There are two major ways to deploy UIF on HDP. The difference lies in how authorization is propagated on HDFS datasets

* Using Ranger. In this mode, Ranger will manage all authorization on HDFS data, both at the raw HDFS level and Hive level

* Using “DSS-managed ACL synchronization”. DSS will place HDFS ACLs on the managed datasets that it builds. Note that you will also need to leverage Ranger ACLs for Hive level.

**We recommend that you use Ranger preferably to DSS-managed ACLs**. Ranger lives in the NameNode and has more pervasive and flexible access, implying fewer limitations than DSS-managed ACLs.

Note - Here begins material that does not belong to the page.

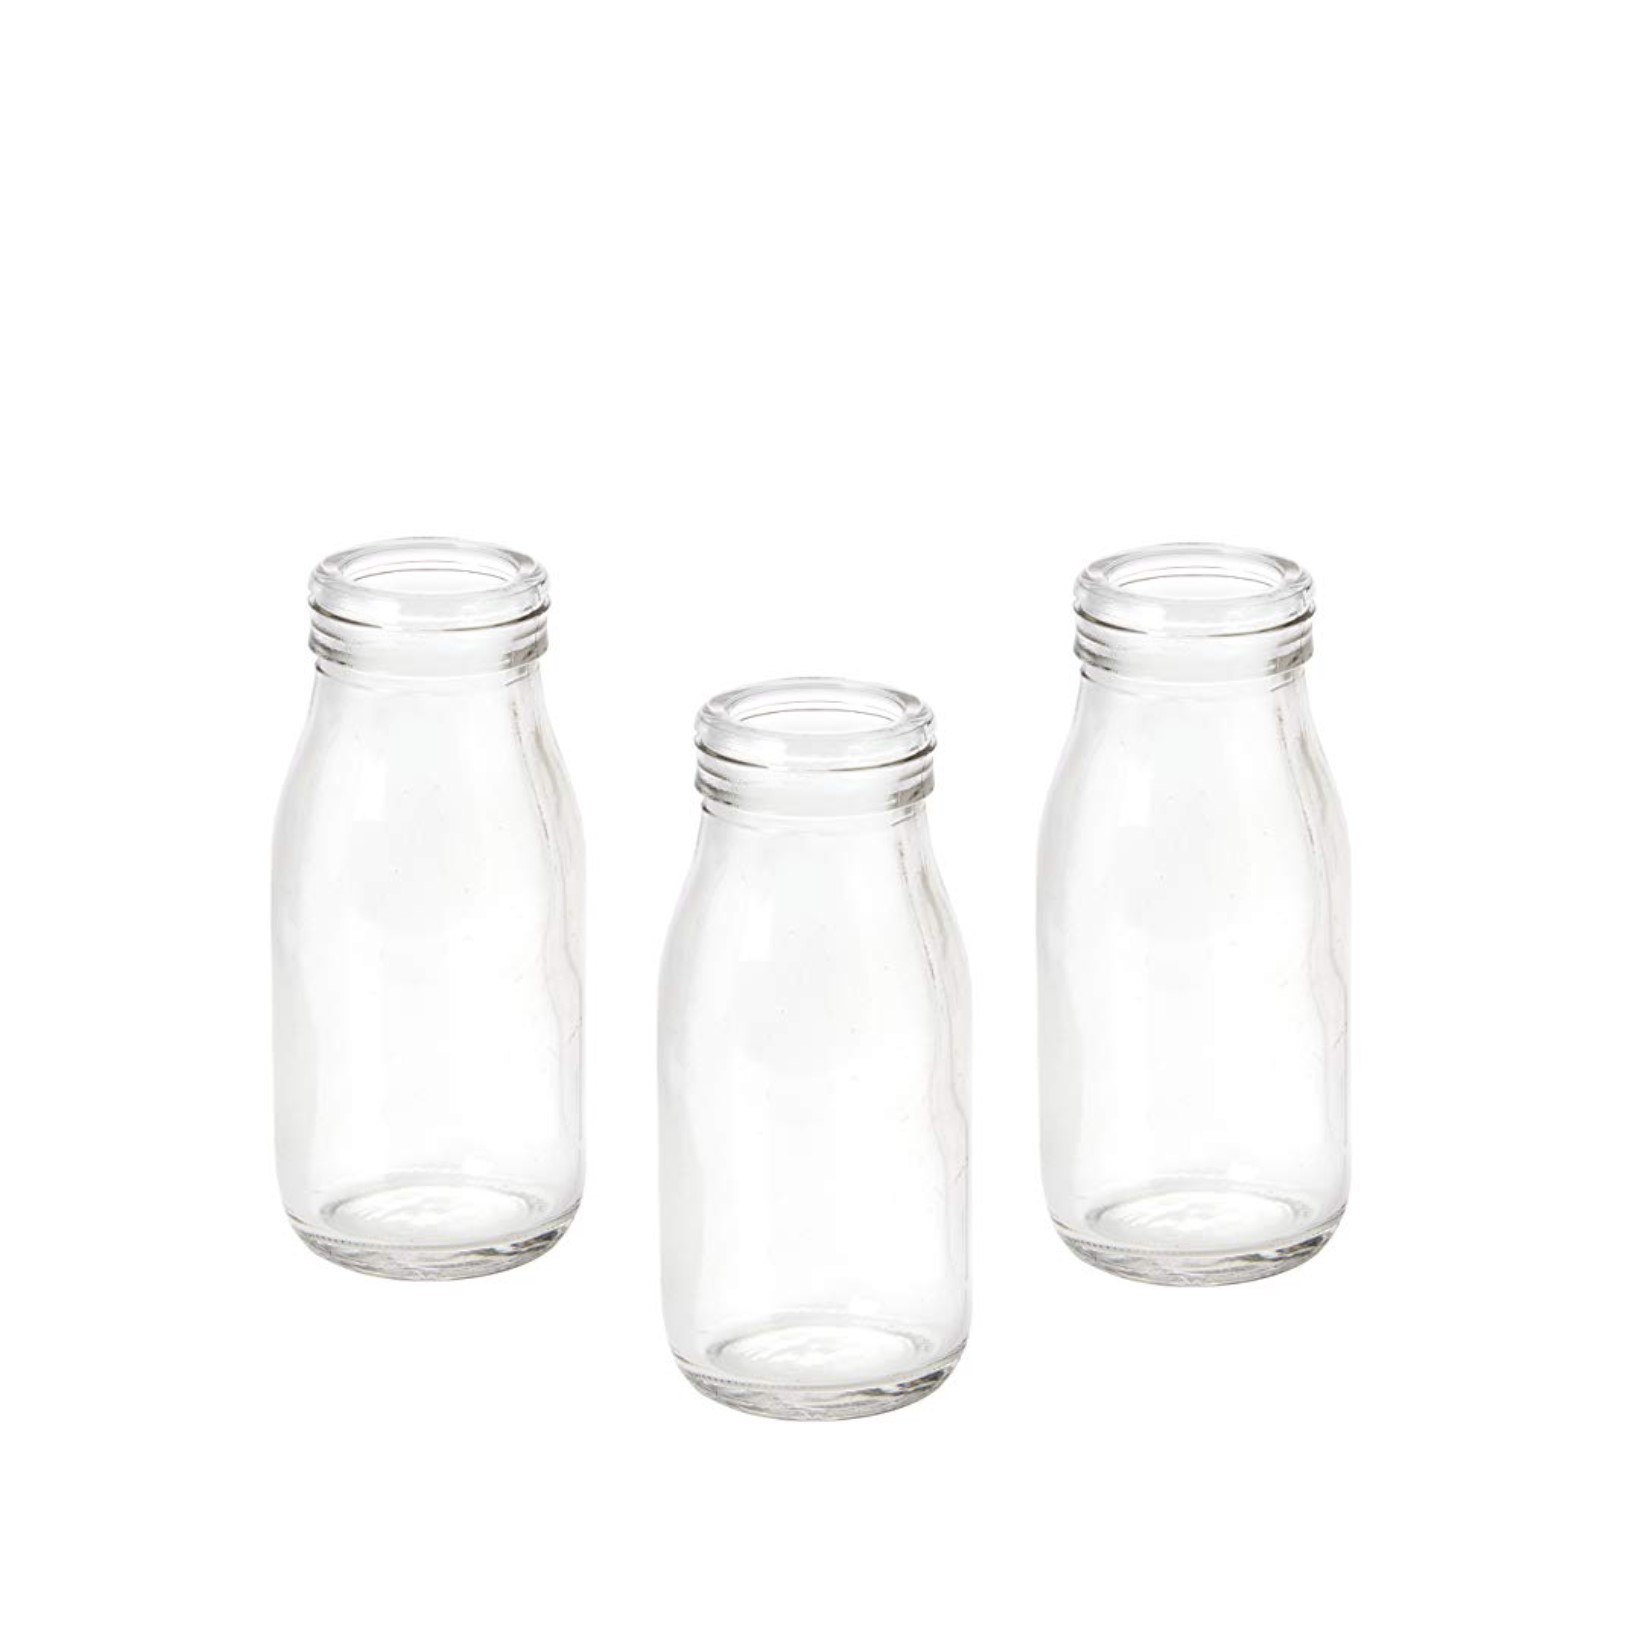 MINI GLASS MILK BOTTLES  14cm height approx

The three main advantages of using Ranger mode are:

* Centralized authorization in Ranger rather than requiring managing Ranger rules in addition to the HDFS ACLs.

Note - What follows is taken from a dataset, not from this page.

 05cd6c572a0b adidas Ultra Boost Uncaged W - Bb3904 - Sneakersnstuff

* For some customer deployments, working around limitations in number of HDFS ACLs (the default DSS-managed ACLs require a larger number of ACLs per path, which can overflow the limit to 32 ACLs per path in HDFS)

* Appending in HDFS datasets using multiple users becomes possible.

## Prerequisites and required information[¶](https://doc.dataiku.com/dss/latest/user-isolation/reference-architectures/hdp.html#prerequisites-and-required-information "Permalink to this headline")

Please read carefully the Prerequisites and limitations documentation and check that you have all required information.

The most important parts here are:

* Having a keytab for the `dssuser`

* Having administrator access to the Ambari and Ranger interfaces

* Having root access to the local machine

* Having an initial list of end-user groups allowed to use the impersonation mechanisms.

## Common setup[¶](https://doc.dataiku.com/dss/latest/user-isolation/reference-architectures/hdp.html#common-setup "Permalink to this headline")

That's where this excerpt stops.